With such men, you tumble down the rabbit hole of their single-minded tunnel vision because you trust and feel safe in their confidence and absolute surety that you should be together. And so you fall, and you scrape your knees, and you fall again. You’re bleeding, but you don’t feel any pain. You keep on running beside him.
You float gently in the naiveté of his answers, his childlike inability to describe just what he feels in the face of something astonishing and never before experienced. You play pretend every time you meet, in places where it’s forbidden, because pretend is so much better than real. You venture into smoky, black forests and confront the scary monsters you locked up when you were a kid, because how could anything hurt you when you’re with him?
And so you keep on discovering and conquering like two brave warriors until you reach a crossroads and you don’t know why but you know you have to part. There, you recognize each other’s vulnerabilities and see them not as weak, unattractive, frightful things, but something to protect. Something precious. And for that, if nothing else, you love him.

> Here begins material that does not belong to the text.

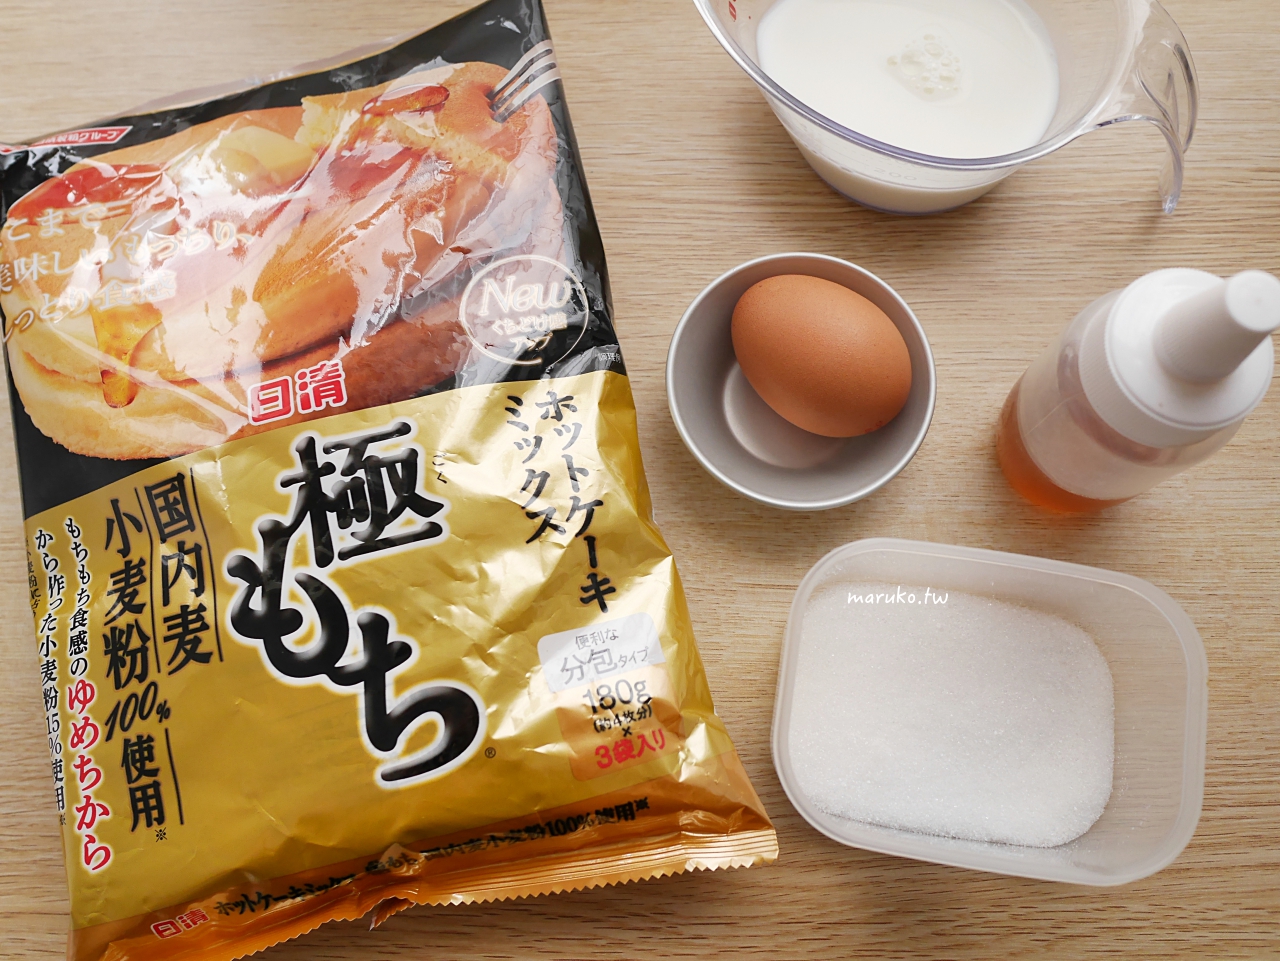 【食譜】7種鬆餅粉可變化的食譜包含餅乾、甜甜圈、韓國起司熱狗、咖哩麵包 @Maruko與美食有個約會

On this day three years ago, I was freezing and insomniac in a shared apartment on 26th Street, New York. And I wrote this:
It’s 6 p.m. My roommate Heather’s not back yet, so I have the luxury of listening to my music without headphones. The day is winding down, much too soon, and cars honk here and there as they rush home. Wheels sound slick on wet roads.

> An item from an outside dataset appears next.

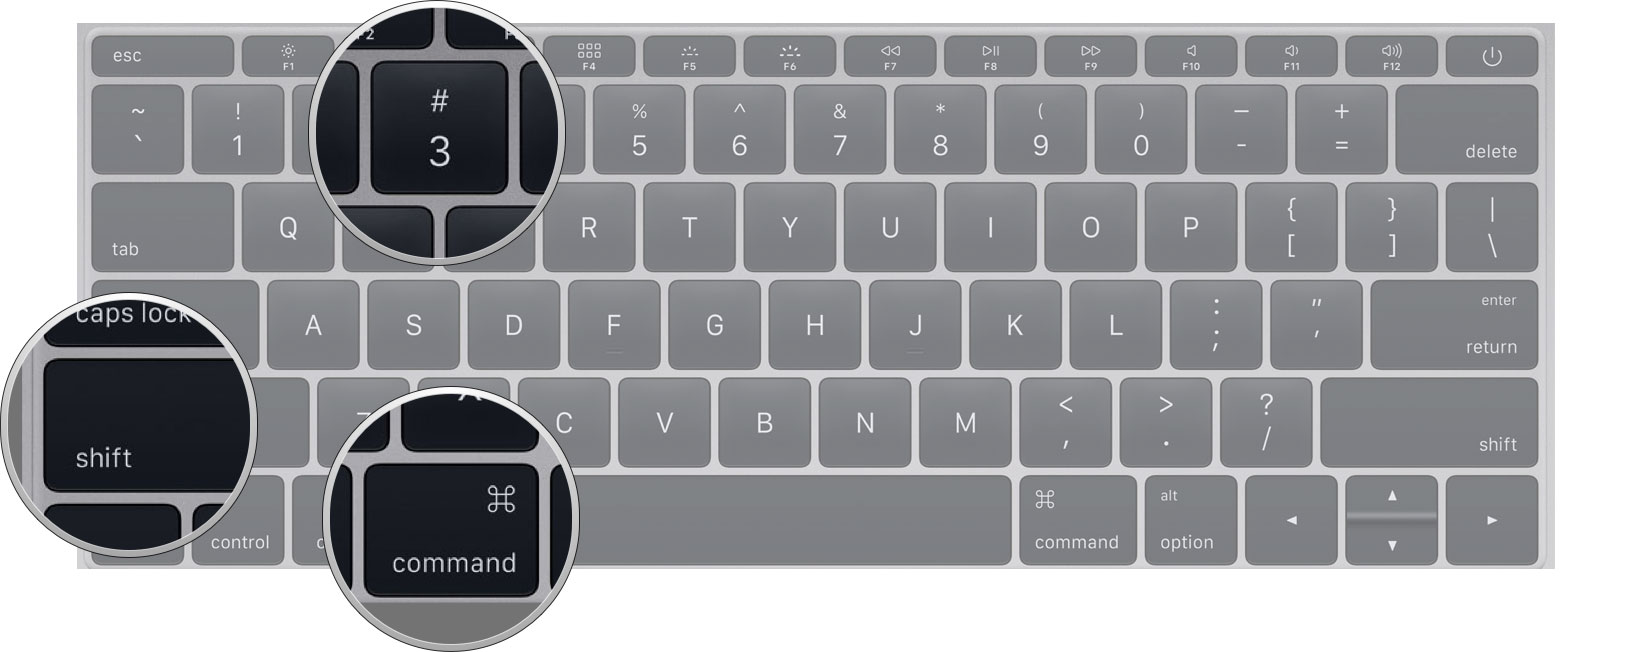 how-to-screen-shot-mac-keyboard-3.jpg

It’s 7 p.m. My suitemate Kristen takes her usual evening shower. Maybe I should shower early tonight, too. I’m tired and I’d like to go to bed early, maybe wake up early to finish studying. But Heather will be back soon and I wouldn’t be able to sleep with her in the room, typing away on instant messenger. My pills rattle as I look for my glass bottle of Vitamin B6. I press down firmly on my pill splitter until one tablet snaps neatly in two, giving me two manageable doses of 25 mg. No need for 50 mg at this time of the evening.
It’s 8 p.m. Our heat’s broken again; I turn on my electric heater. It clicks merrily as it heats up the oil inside. The satisfying click, the promising click… Heather’s back, and we make our usual small talk, but there’s more to talk about tonight. Sometimes I think we turn every mundane event into drama to compensate for the lack of excitement in our lives. An ambulance blares and honks its way down our street as Heather and I discuss the latest passive-aggressive behaviors in our suite.